可惜朝歌满心找食物,早已离开门边老远,摸索在黑暗的厨房内,朝歌不一会便碰倒了一摞食具,惊得她自己连忙后退。
门外的华枝也因为清晰的动静更加提心吊胆,忍不住呼唤朝歌,朝歌也猜到华枝的意思,忙保证不会再弄出动静门外才静下来。
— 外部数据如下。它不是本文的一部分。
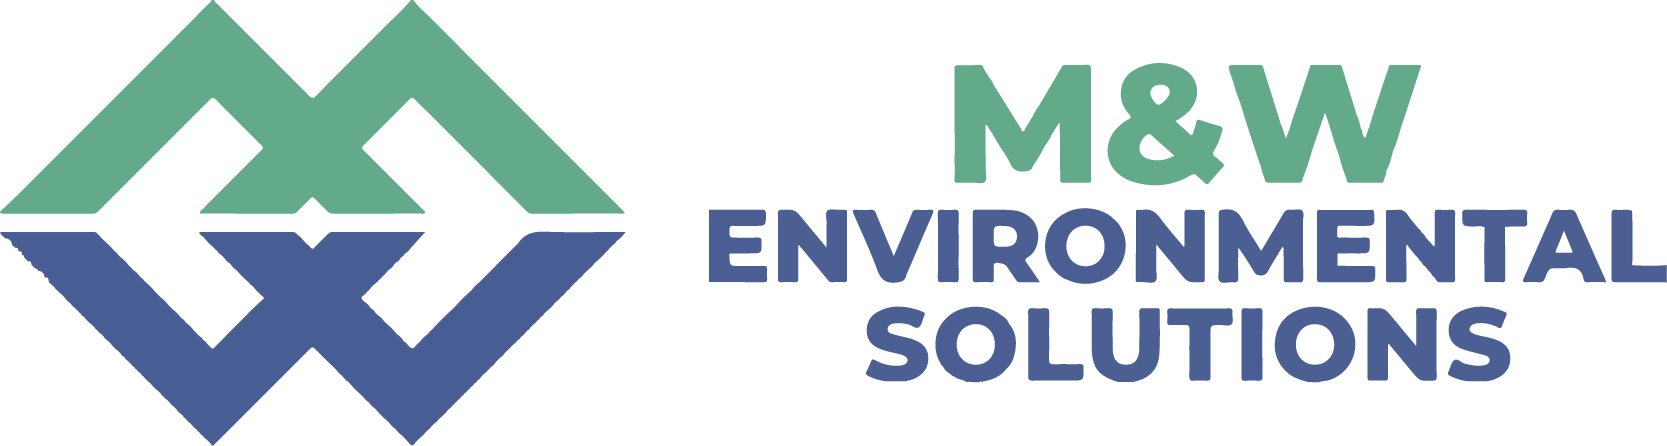 M&W Environmental Solutions 05

朝歌蹒跚在灶台与灶台间,此时的眼睛受到黑暗影响,朝歌只能依靠鼻子寻食物的气味。轻轻的嗅着一会儿走到水罐旁,一会儿又移到房内角落,左右寻找才算是寻到收在笼屉里的肉包子。
看着朝歌摆开布帛装包子,站在房内角落的影人才慢慢走出藏身地,一双有着月白风清之感的眼睛随着朝歌的动作移动。
想起时郑说过有鸡腿,不满足于找到几个肉包子,朝歌开始在笼屉里找余下的肉菜。
影人猜出朝歌的意图不由摇摇头:“方才闻气味都能嗅到我的藏身处,现在竟然找不到你要的?你贪心了。”
突然从身后传来的声音吓了朝歌一跳,紧张的盯着只有一双眼睛露出的位置,“凌师兄?”
逐渐走进朝歌使她一瞬间放下心来,发觉凌潜的目光移到布帛包好的包子,朝歌一把将包子揣进怀里。
“凌师兄此时怎会来此?”看着朝歌小脸的警惕,凌潜快速一笑便恢复从容淡定。
“夜间无聊,出来走走。”
“厨房有什么好逛的。”小声嘀咕的朝歌不理凌潜,直接明目张胆的找起肉菜。
“听到厨房有小耗子,来这一看正巧这小耗子找吃的。”凌潜几步远跟在朝歌身后,“你说有没有意思?”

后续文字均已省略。